Ветер крепчал, на гребнях волн появились белые барашки, но мужчина, уйдя в себя, не замечал непогоды. «Ленка с Диной, небось, уже ждут» - улыбнулся он своим мыслям. Жена и дочь всегда приходили на пристань встречать катер загодя, едва ли не за полдня до прибытия. На душе потеплело.
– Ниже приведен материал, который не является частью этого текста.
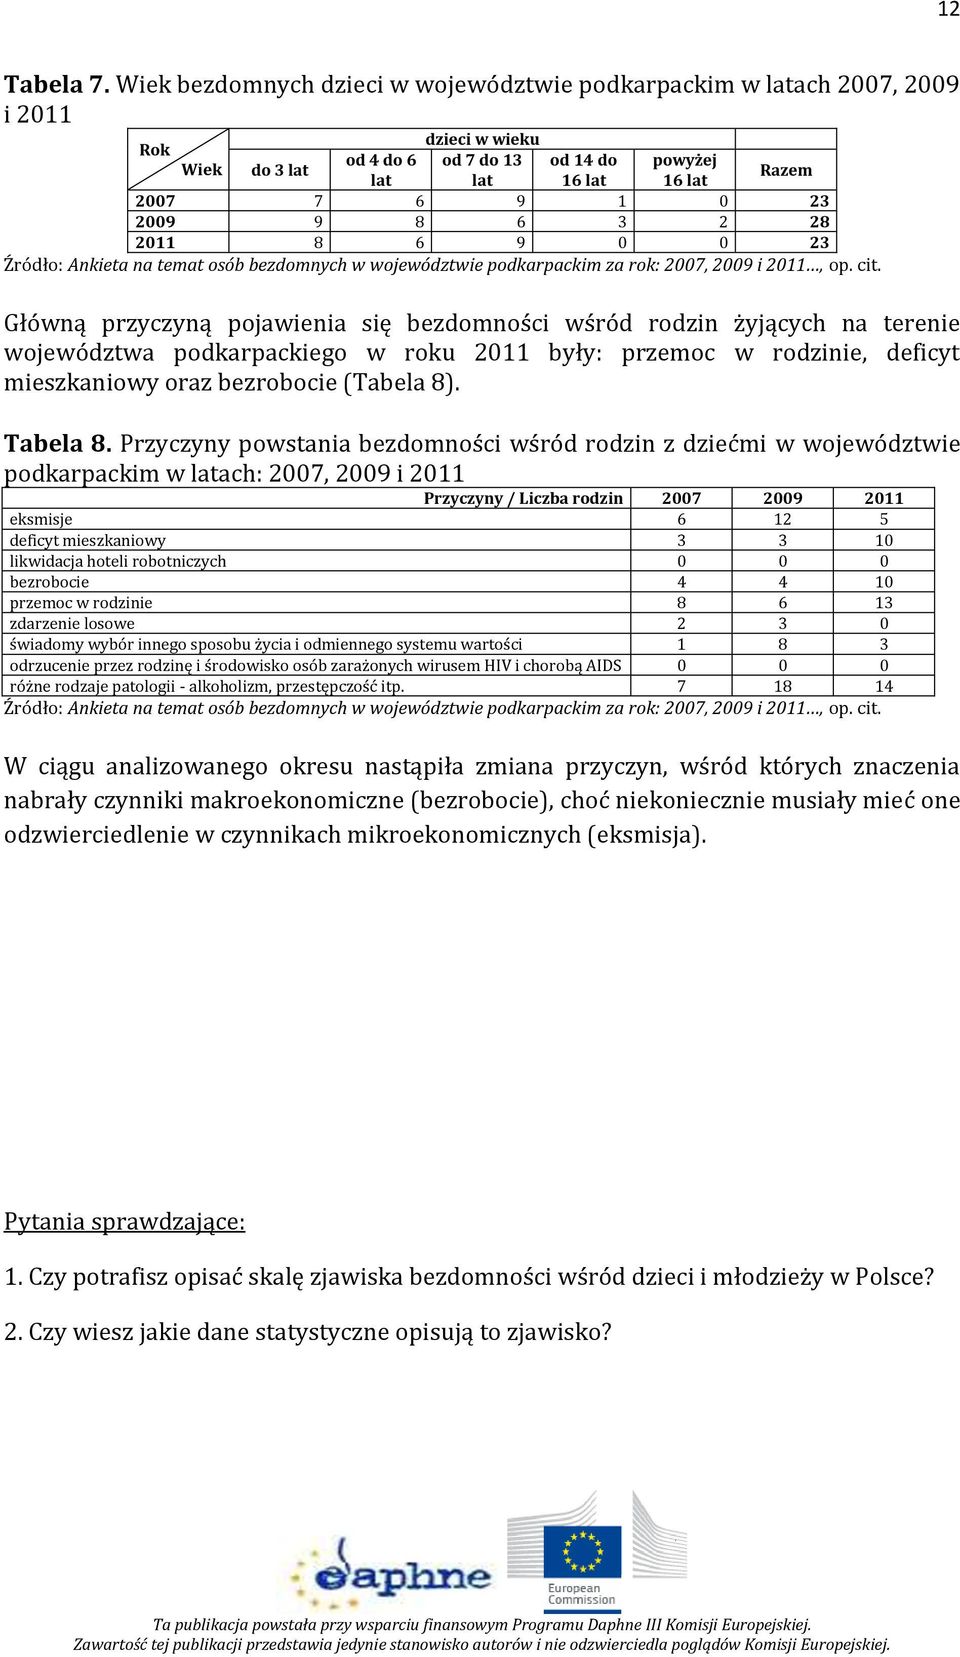 9 8 6 3 2 28 2011 8 6 9 0 0 23 Źródło: Ankieta na temat osób bezdomnych w województwie podkarpackim za rok: 2007, 2009 i 2011, op. cit.
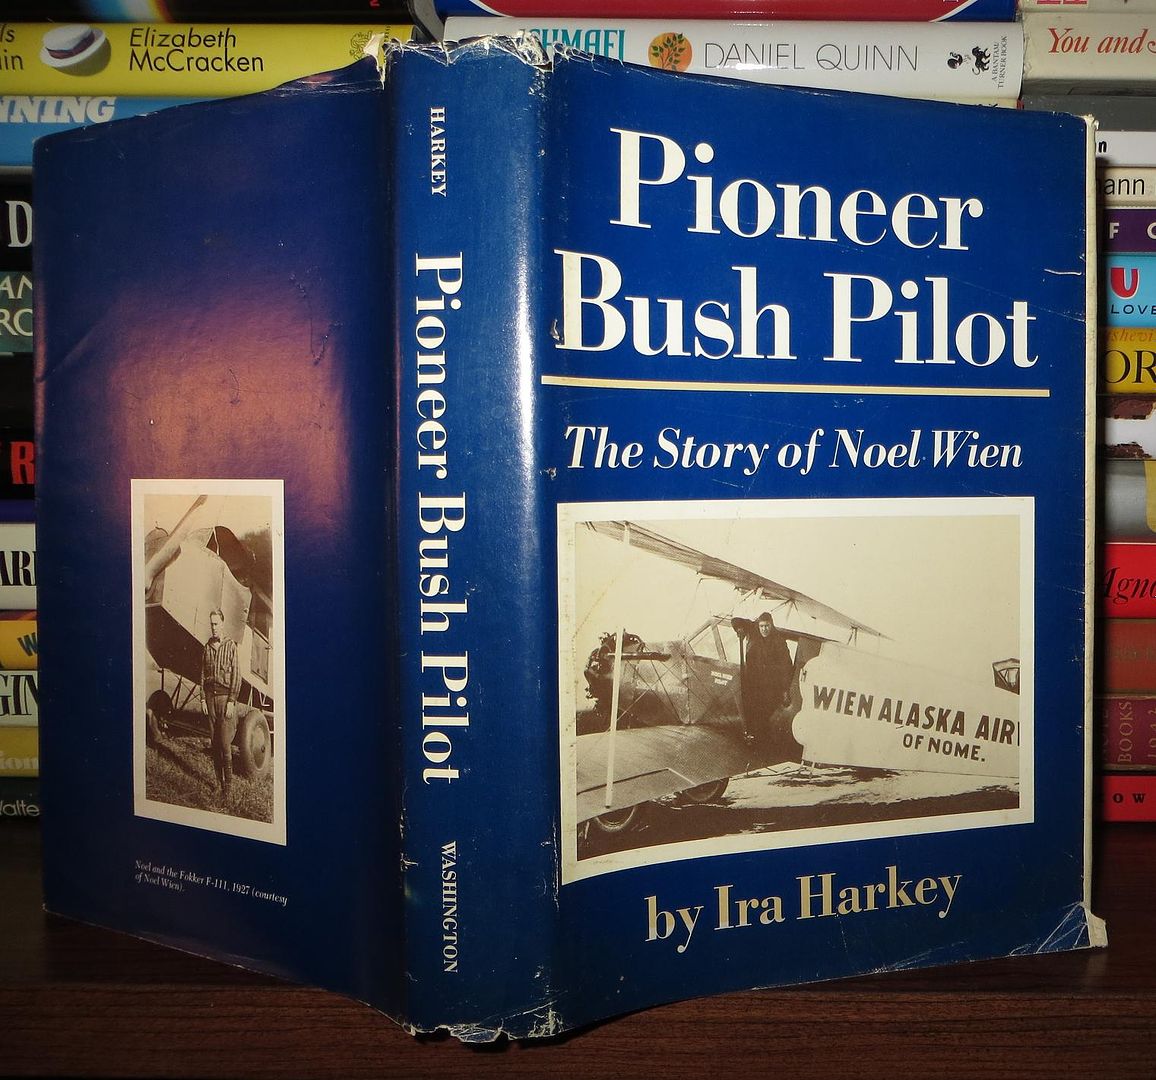 HARKEY, IRA -  NOEL WIEN - Pioneer Bush Pilot the Story of Noel Wien

Особо ретивая волна подняла нос катера, а затем резко бросила вниз, обдав человека на носу по пояс. 

«Штормит, однако» - чертыхнулся он, и бросился в кубрик. Еще не хватало застудиться в последнем, - тут Дима поправил сам себя, - крайнем рейсе. Едва он успел переодеться, как движок застучал чаще, по катеру разнесся вой сирены, а вслед за ним, по громкой связи – «Человек за бортом!» 

 

Четверо, свободных от вахты, в оранжевых спасжилетах суетились на полубаке. Двое торопливо привязывали лини к спасательным кругам, а еще двое с длинными баграми в руках напряженно застыли у борта. Сквозь мутную взвесь брызг, Дмитрий разглядел небольшую льдину, пляшущую на волнах. На белом фоне отчетливо виднелись три черные точки – две большие и одна поменьше. Перволедники. Рыбаки, мать их!